A-3.2 Examples

$\mathbb{Z}$ (the set of all integers) is a ring, but not a field, because not all of its elements have a multiplicative inverse (as shown in §A-2.2).

$ℝ$ (the set of all real numbers) is a field. As shown in §A-2.2, it is an abelian group over the $\text{(+)}$ and $\text{(⋅)}$ operators, and its elements are distributive over the $\text{(+,⋅)}$ operators.

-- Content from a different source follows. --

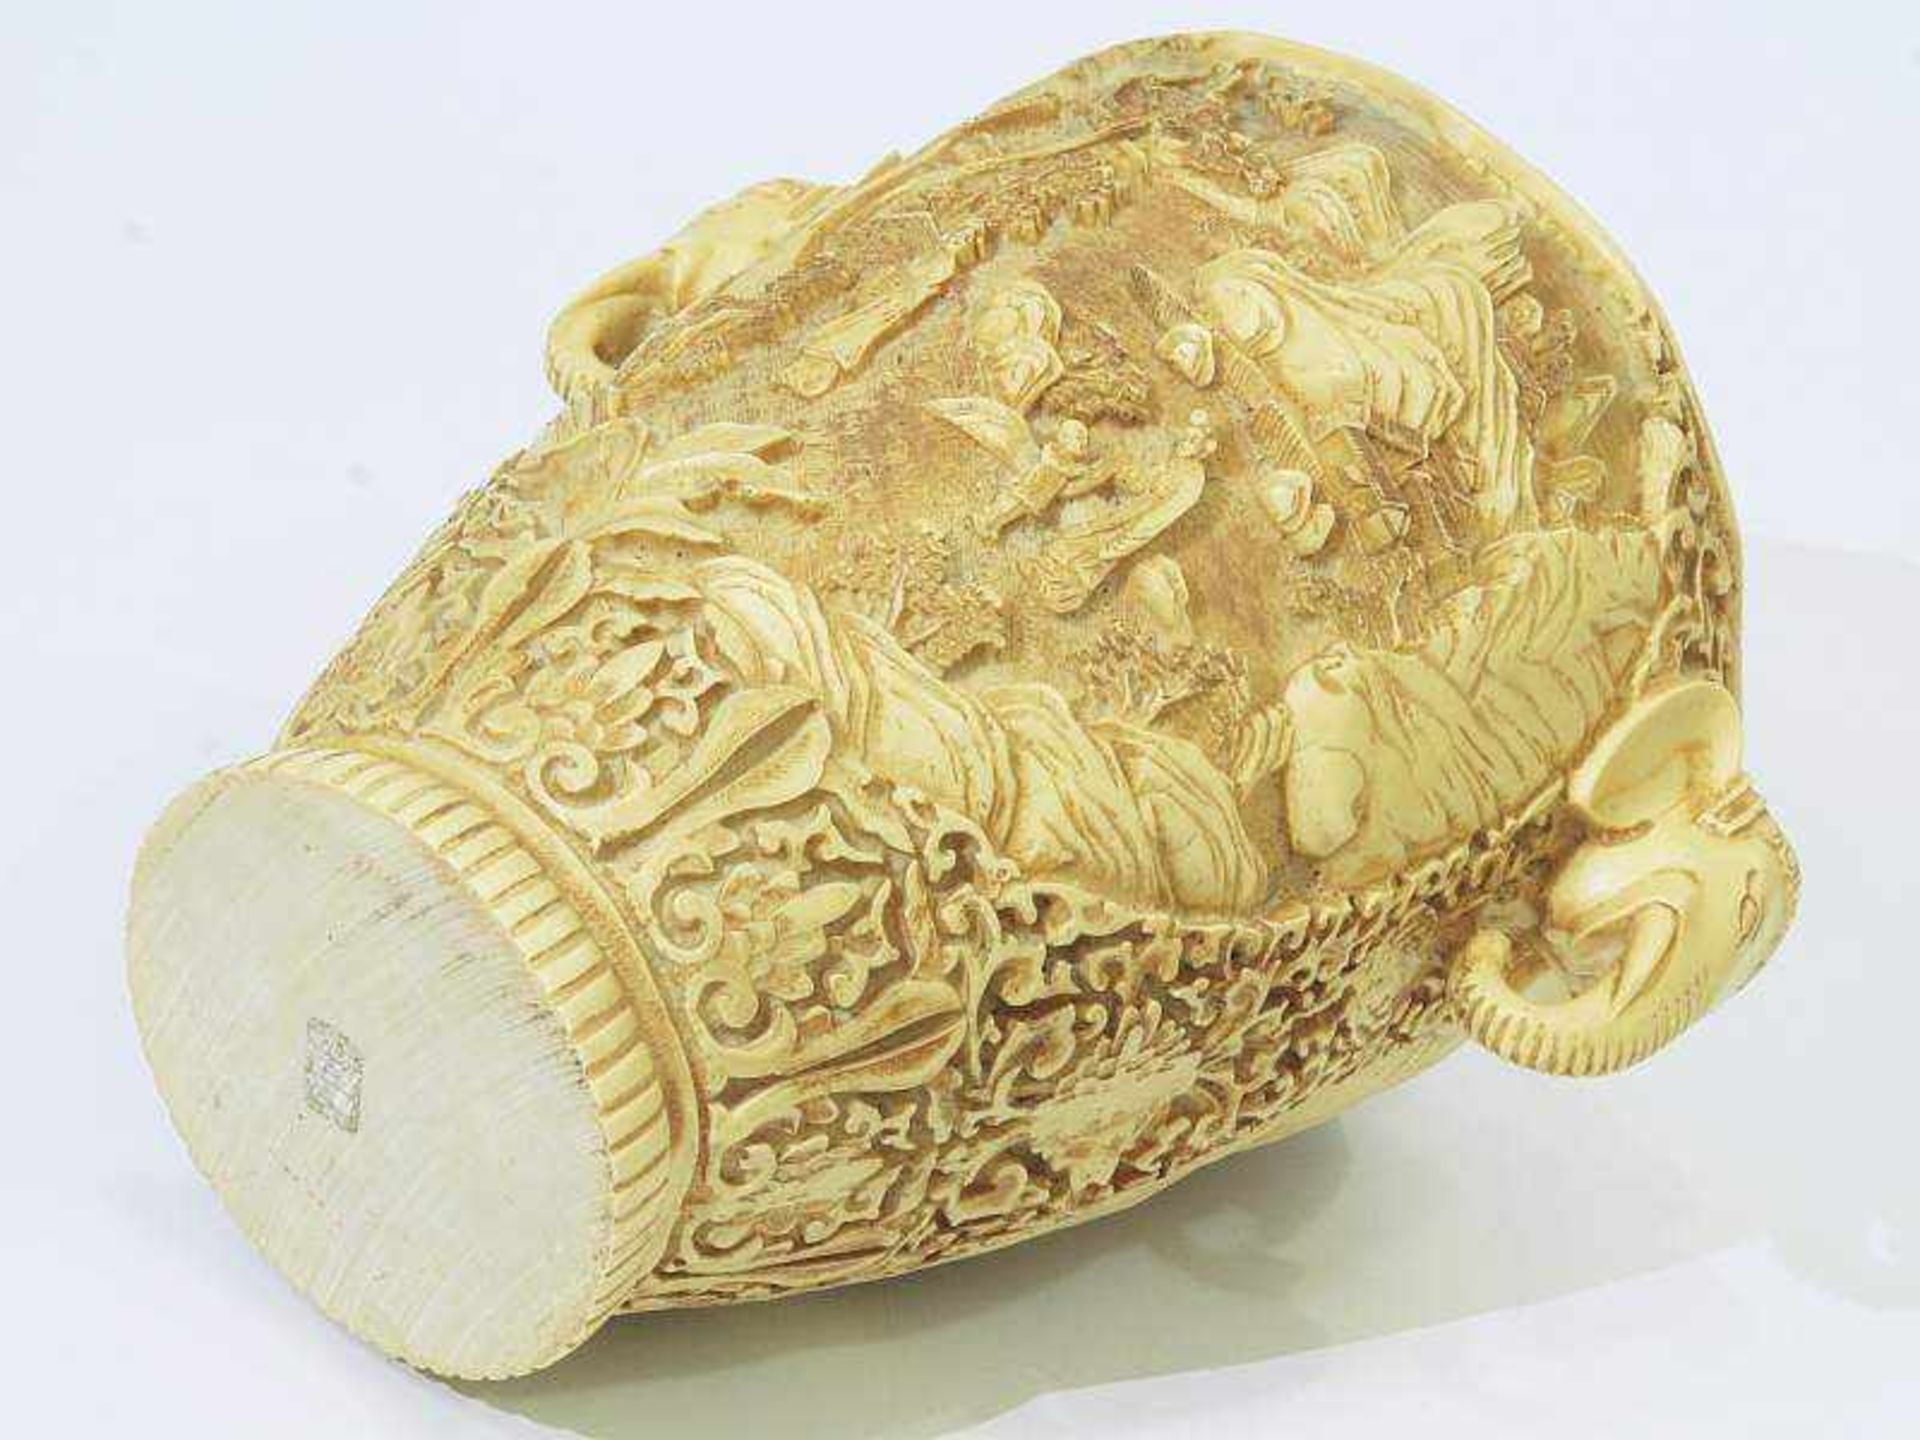 Vase mit Elefantenkopf-Handhaben. Vase mit Elefantenkopf-Handhaben. Asien, 20. Jahrhundert. - Bild 4 aus 6
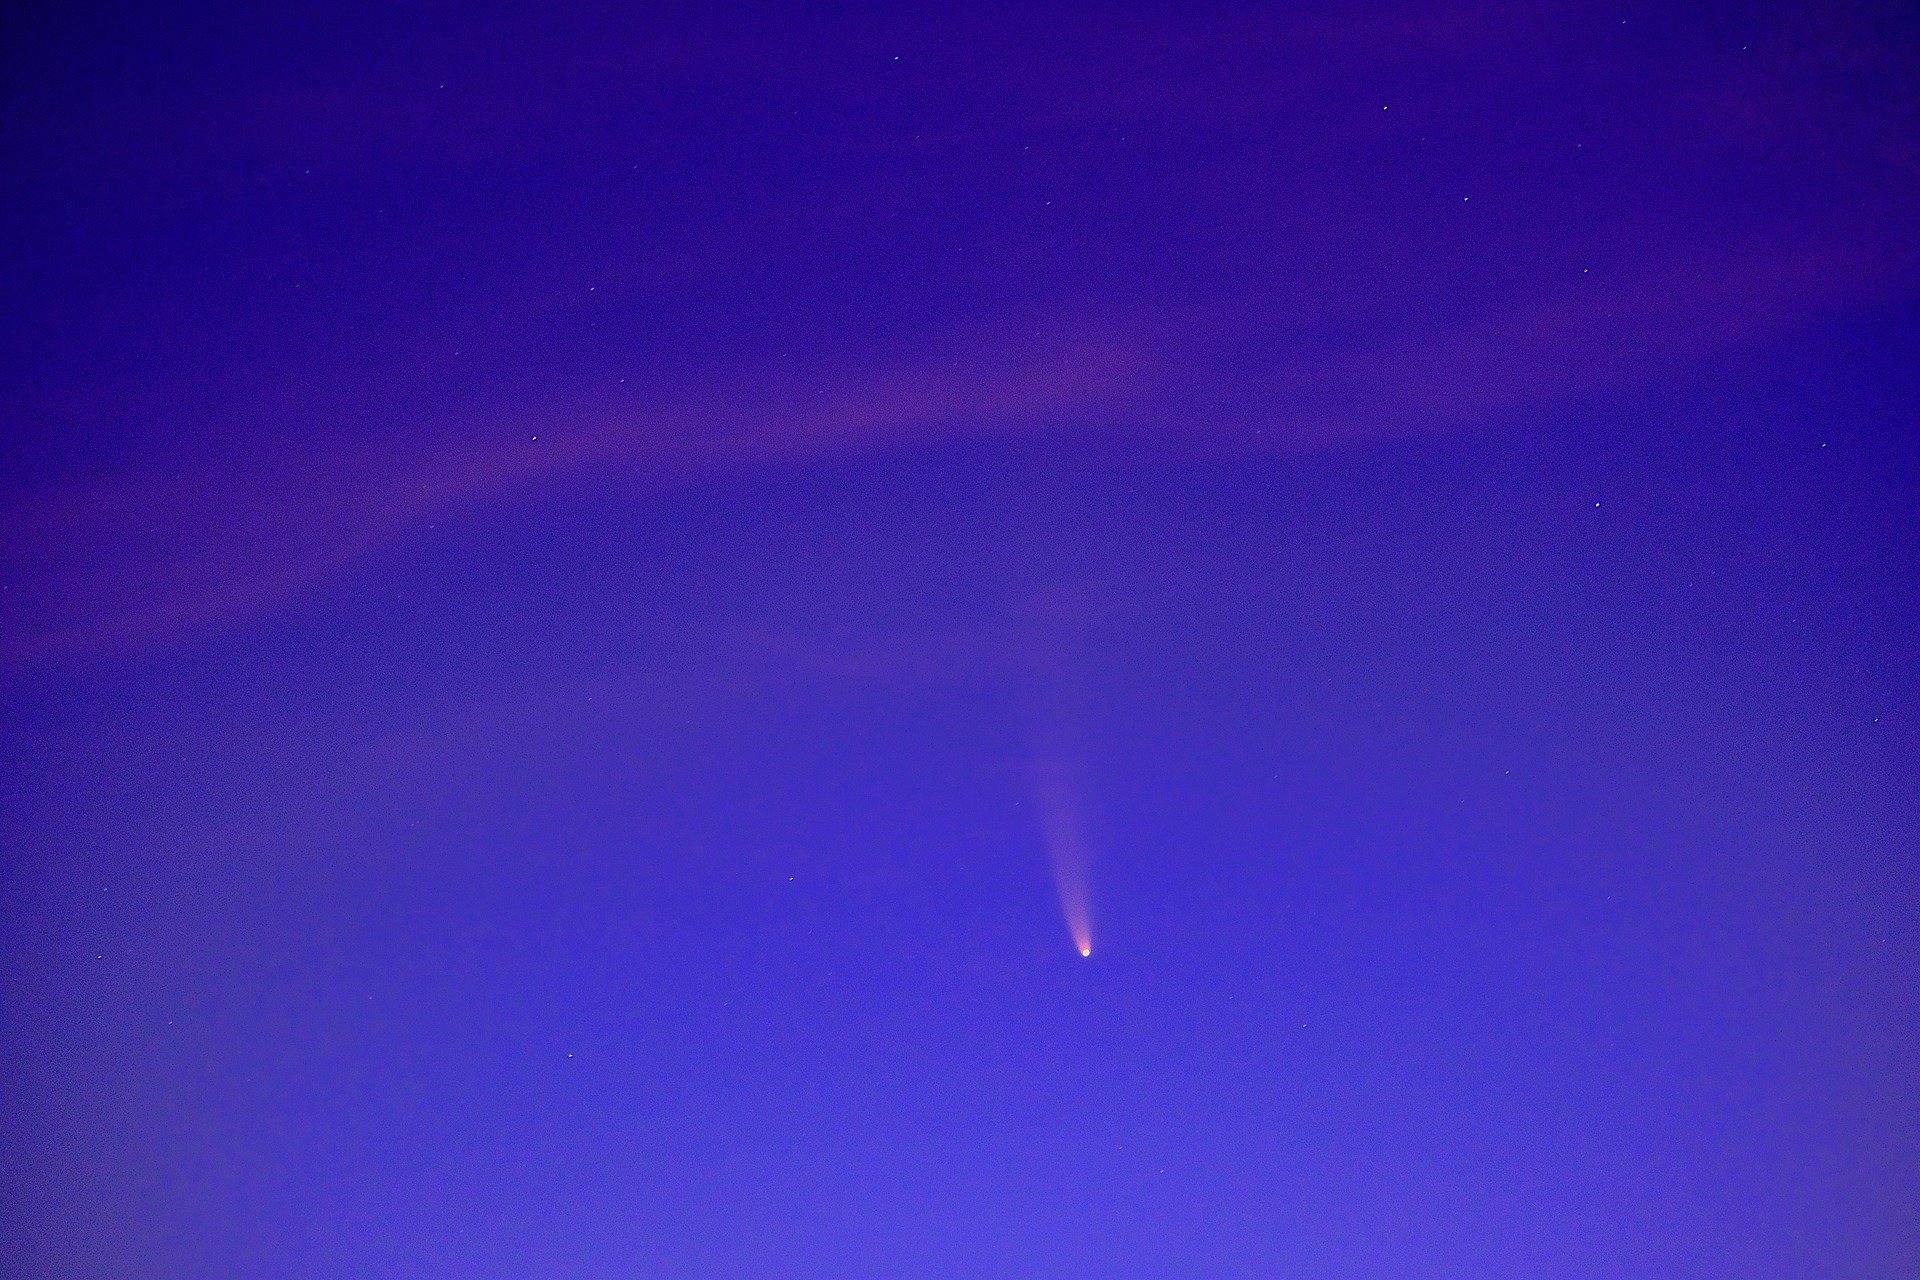 【2020年】ネオワイズ彗星の見える場所・写真・いつまで見える? まとめ

${\mathbb{Z}}_7=\{0,1,2,3,4,5,6\}$ is a finite field because:

• Closed: For any $a,b\in {\mathbb{Z}}_7$, there exists some $c_1\in {\mathbb{Z}}_7$ such that $a+b\equiv c_{1}mod7$ and, some $c_2\in {\mathbb{Z}}_7$ such that $a\cdot b\equiv c_{2}mod7$.
• Associative: For any $a,b,c\in {\mathbb{Z}}_7$, $(a+b)+c=a+(b+c)$ and $(a\cdot b)\cdot c=a\cdot (b\cdot c)$.
• Commutative: For any $a,b\in {\mathbb{Z}}_7$, $a+b=b+a$, and $a\cdot b=b\cdot a$.
• Distributive: For any $a,b,c\in {\mathbb{Z}}_7$, $(a+b)\cdot c=a\cdot c+b\cdot c$.
• Identity: For any $a\in {\mathbb{Z}}_7$, its additive identity is $0$, and its multiplicative identity is $1$.
• Inverse: For any $a\in {\mathbb{Z}}_7$, there exists an additive inverse $a_1^{\prime }\in {\mathbb{Z}}_7$ such that $a_1+a_1^{\prime }\equiv 0mod7$. For example, if $a_1=3$, then its additive inverse $a_1^{\prime }=4$, because $3+4=7\equiv 0mod7$. Also, for any $a_2\in {\mathbb{Z}}_7$ (except for 0), there exists a multiplicative inverse $a_2^{\prime }\in {\mathbb{Z}}_7$ such that $a_2\cdot a_2^{\prime }\equiv 1mod7$. For example, if $a_2=3$, then its multiplicative inverse $a_2^{\prime }=5$, because $3\cdot 5=15\equiv 1mod7$.